The courses are taught away from the high school campus, typically at nearby churches, by teaching professionals at no cost to the student.

"At first, because of logistical reasons, we're focusing on high school seniors, because they typically have cars and can get to class on their own," said Brooke Anderson, board chairman of the center.

"Later on, we're hoping to open it to younger high school students and maybe middle school."

Ruled constitutional by the U.S. Supreme Court in 1952, released time religious education is completely funded by donations, without the use of tax dollars.

"We exist to prepare students spiritually, academically, emotionally and socially for God's call on their lives," Anderson said.

The center is accredited by the Southern Association of Colleges and Schools through the Walton County Christian Learning Center, a program in the Loganville area.

Dawsonville First Baptist Pastor Russell Davis served as a youth minister in Loganville for seven years and now sits on the local program's board of directors.

As a minister, Davis said he has witnessed so many positives for those involved.
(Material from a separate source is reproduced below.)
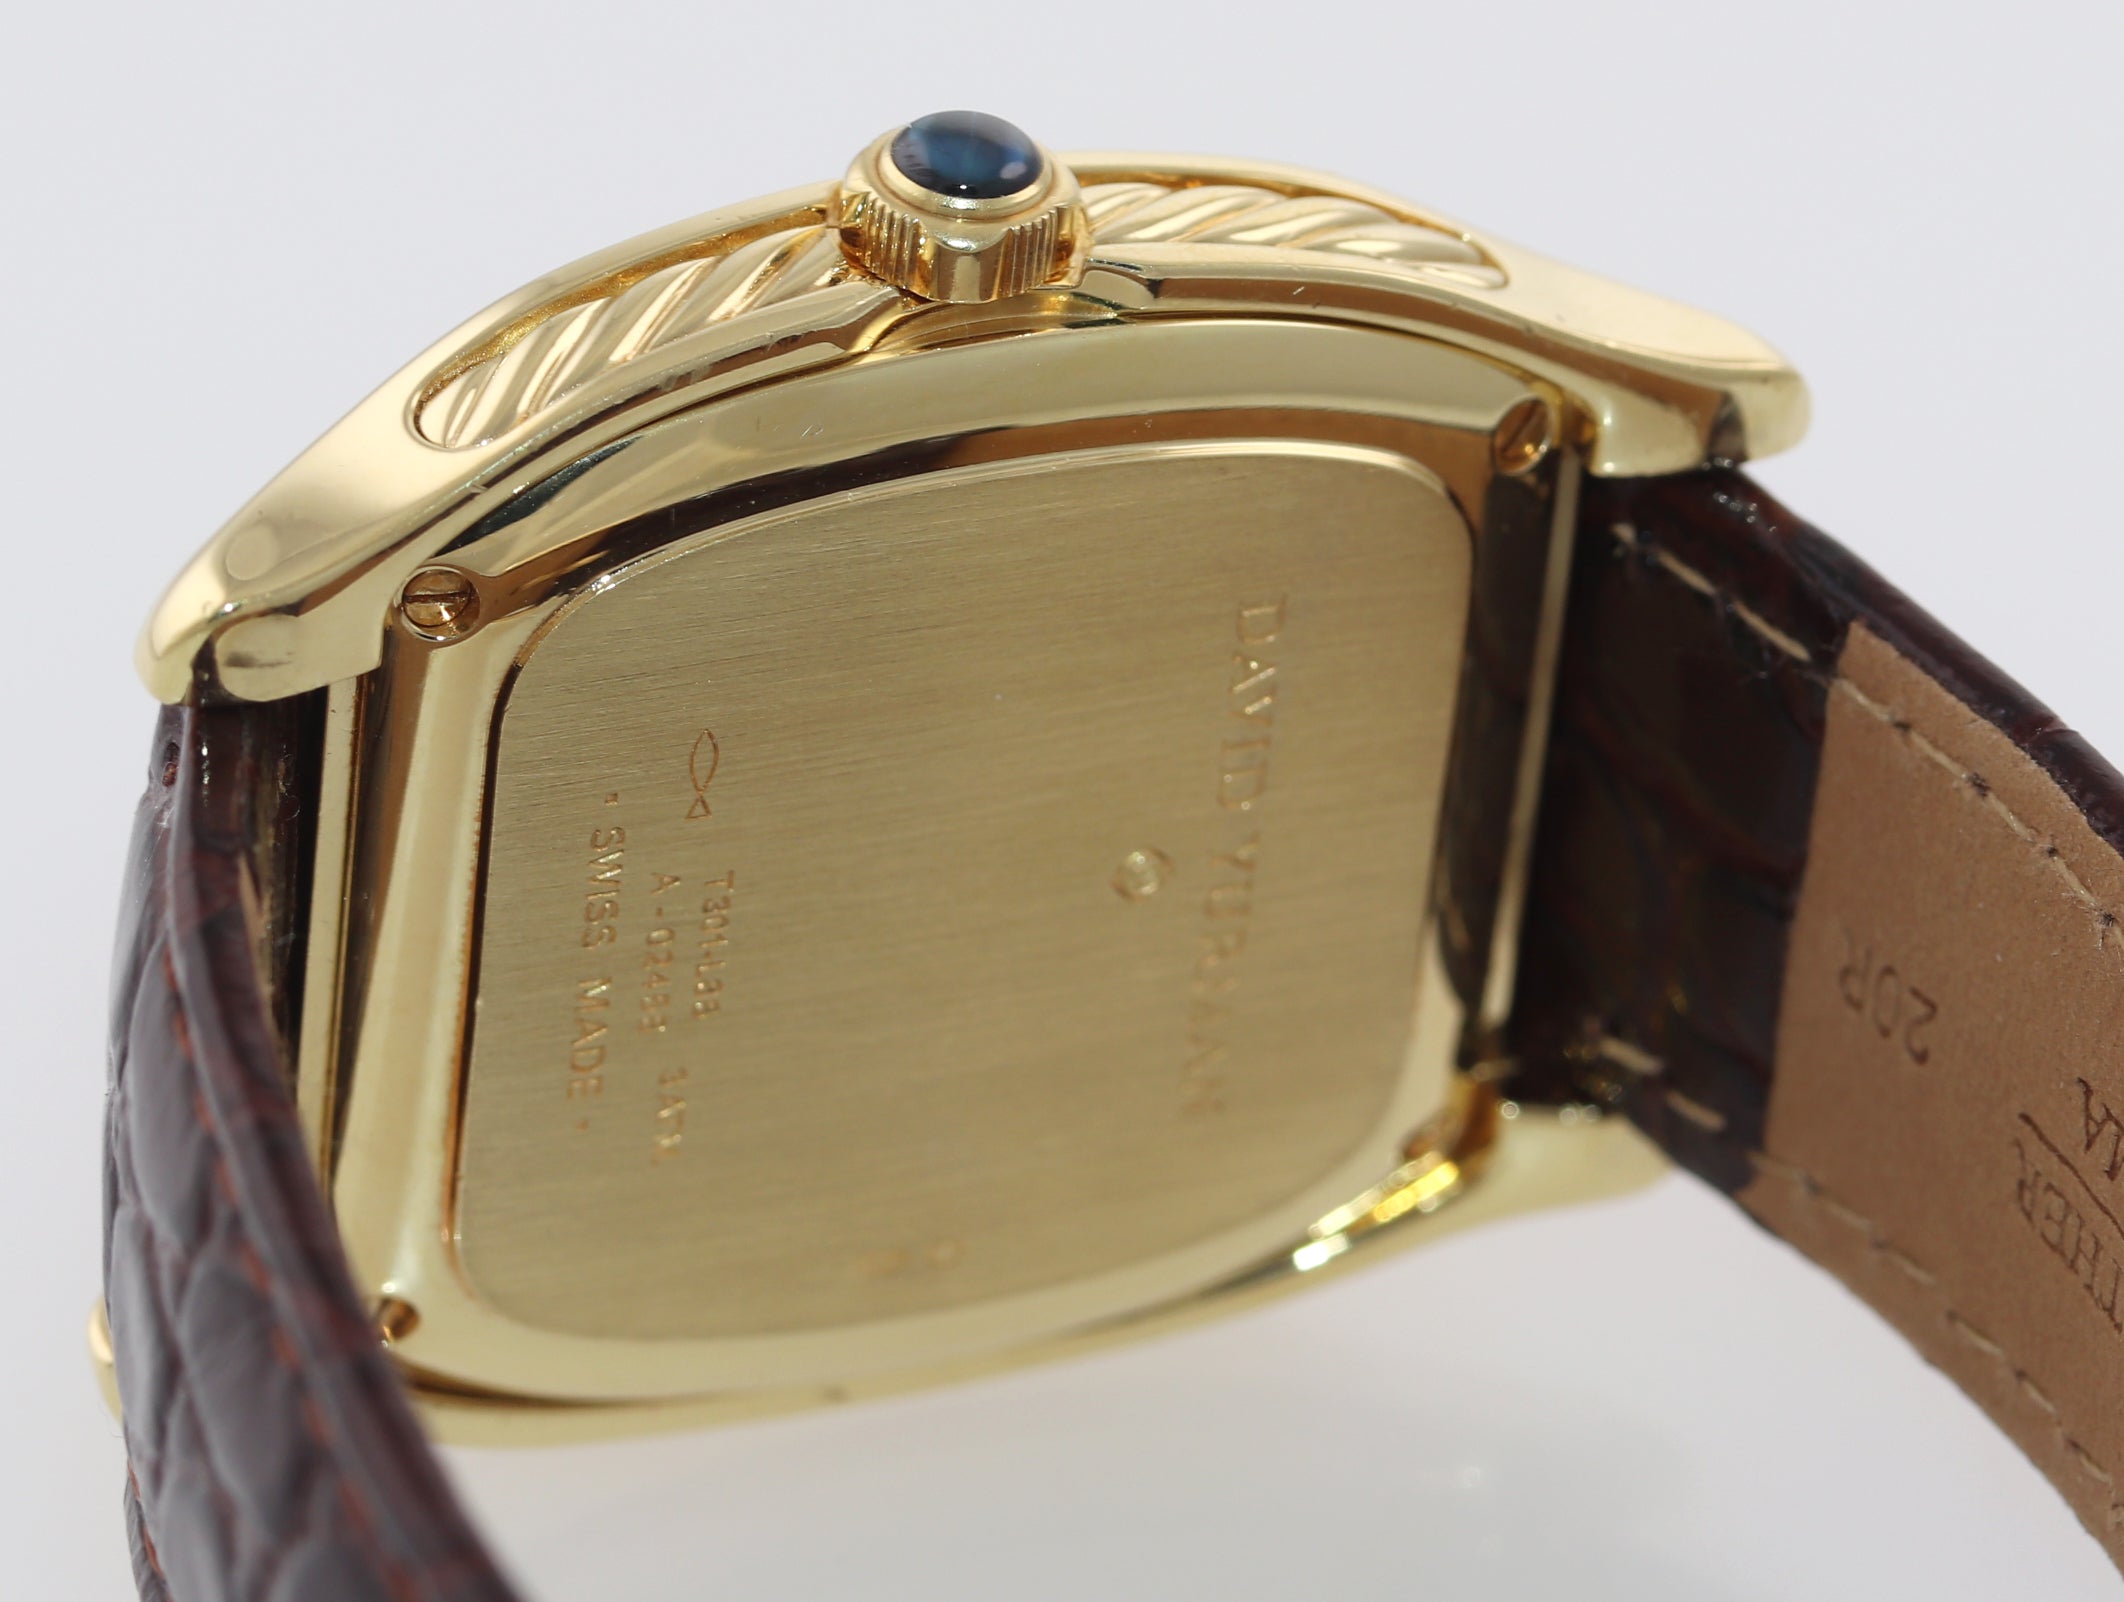 David Yurman Thoroughbred 18k Yellow Gold Automatic Date 36mm Watch T301-L88

"The students began to grow spiritually," he said. "It really opened up some avenues to show that Christianity was more than the confines of the church walls.

"We experienced students that either could not, or whose parents would not let them, attend church putting their faith in Jesus Christ through the CLC. It was a bridge being gapped in the culture of Christianity."

A father of three, board member George Parson said the courses give students the "ability to choose a new opportunity that's been kept away from public school for too long."

"I think the biggest attraction is, historically, we've had a separation of church and state," he said. "To give my child the ability to take these courses during regular class time and to have the opportunity to expand their knowledge through Biblical teaching is very intriguing."

Course topics range from family, community and career to comparative religions, life skills and current issues. They're based on scripture principles, with the Bible as the textbook.

Each course carries one elective credit hour. For January, the course will be taught during a zero period, from 7 to 8 a.m., to avoid conflicts with previously selected elective courses.